In addition to the above described wells we own working interests in two lease tracts; one located in Ellis County, Oklahoma with a gross acreage interest of 27.5% in 1,505 acres and the second located in Canadian County, Oklahoma, constituting a gross acreage interest of 20% in 240 acres. The leases were purchased for the sum of $83,700 and $19,200, respectively. The Company also has a 3% interest in 640 acres in Beckham County, Oklahoma.
CRITICAL ACCOUNTING POLICIES
A summary of significant accounting policies is included in Note 2 to the audited financial statements included on Form 10-KSB for the year ended November 30, 2003 as filed with the United States Securities and Exchange Commission.

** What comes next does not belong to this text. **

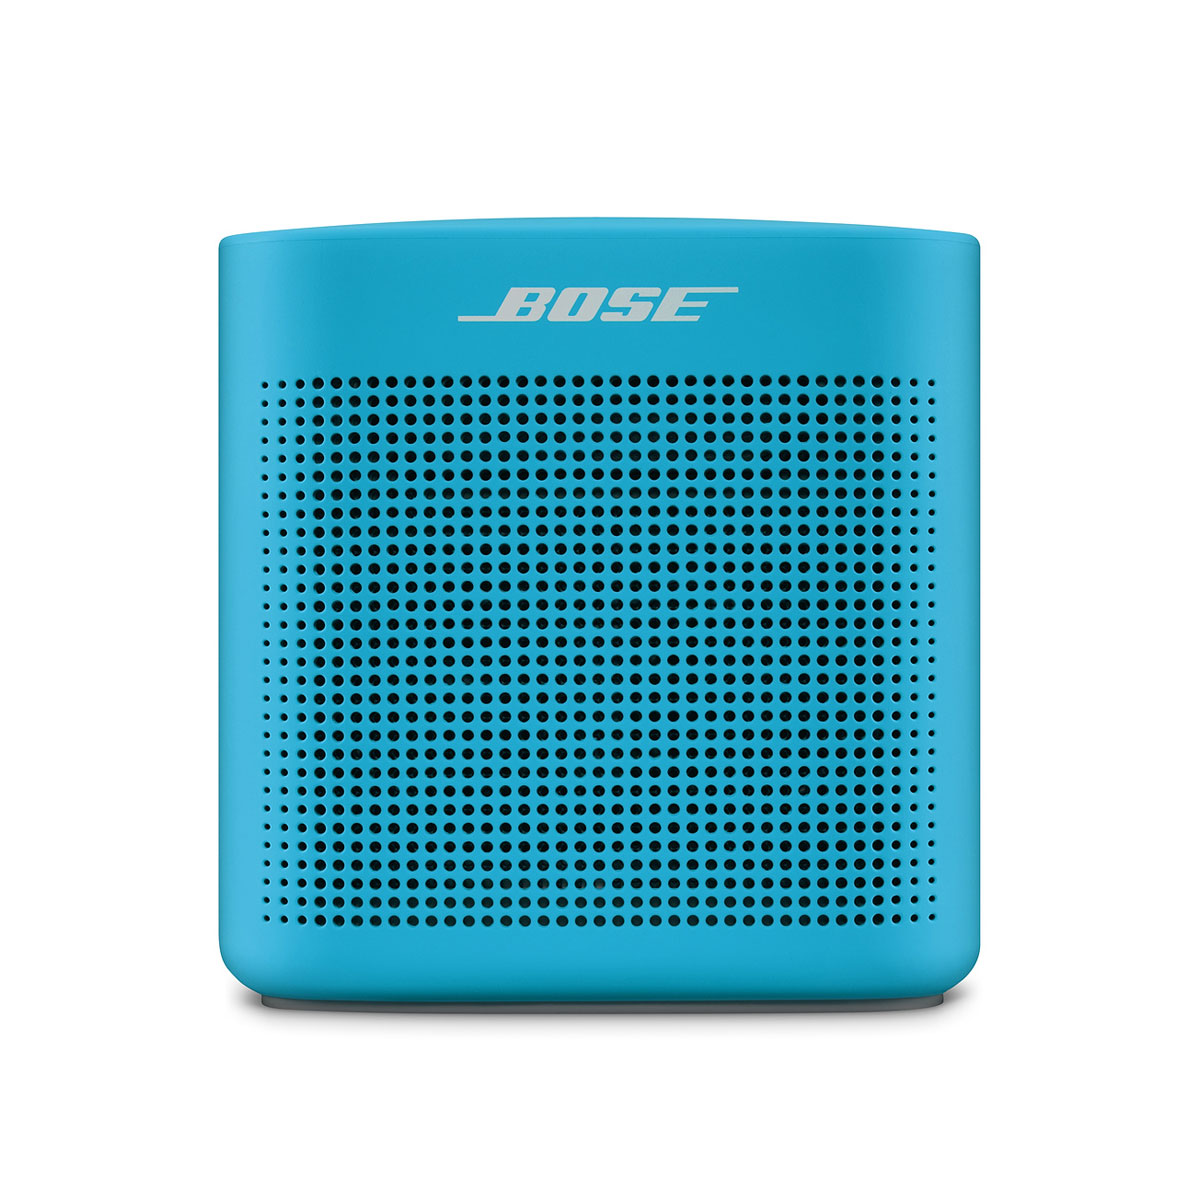 Bose - SoundLink Colour II - Aquatic Blue

Management believes that the application of these policies on a consistent basis enables the Company to provide useful and reliable financial information about our operating results and financial condition.
The preparation of financial statements in conformity with generally accepted accounting principles requires management to make estimates and assumptions that affect the reported amounts of assets and liabilities and disclosure of contingent assets and liabilities at the date of the financial statements and the reported amounts of revenues and expenses during the reporting period. Actual results may differ from those estimates.
RESULTS OF OPERATIONS
The Company incurred an operating loss of $230,781 for the nine months ended August 31, 2004 as compared to an operating loss of. $1,234,494 for the nine months ended August 31, 2003. The decrease in the operating loss of $1,003,713, 81.3%, is discussed below.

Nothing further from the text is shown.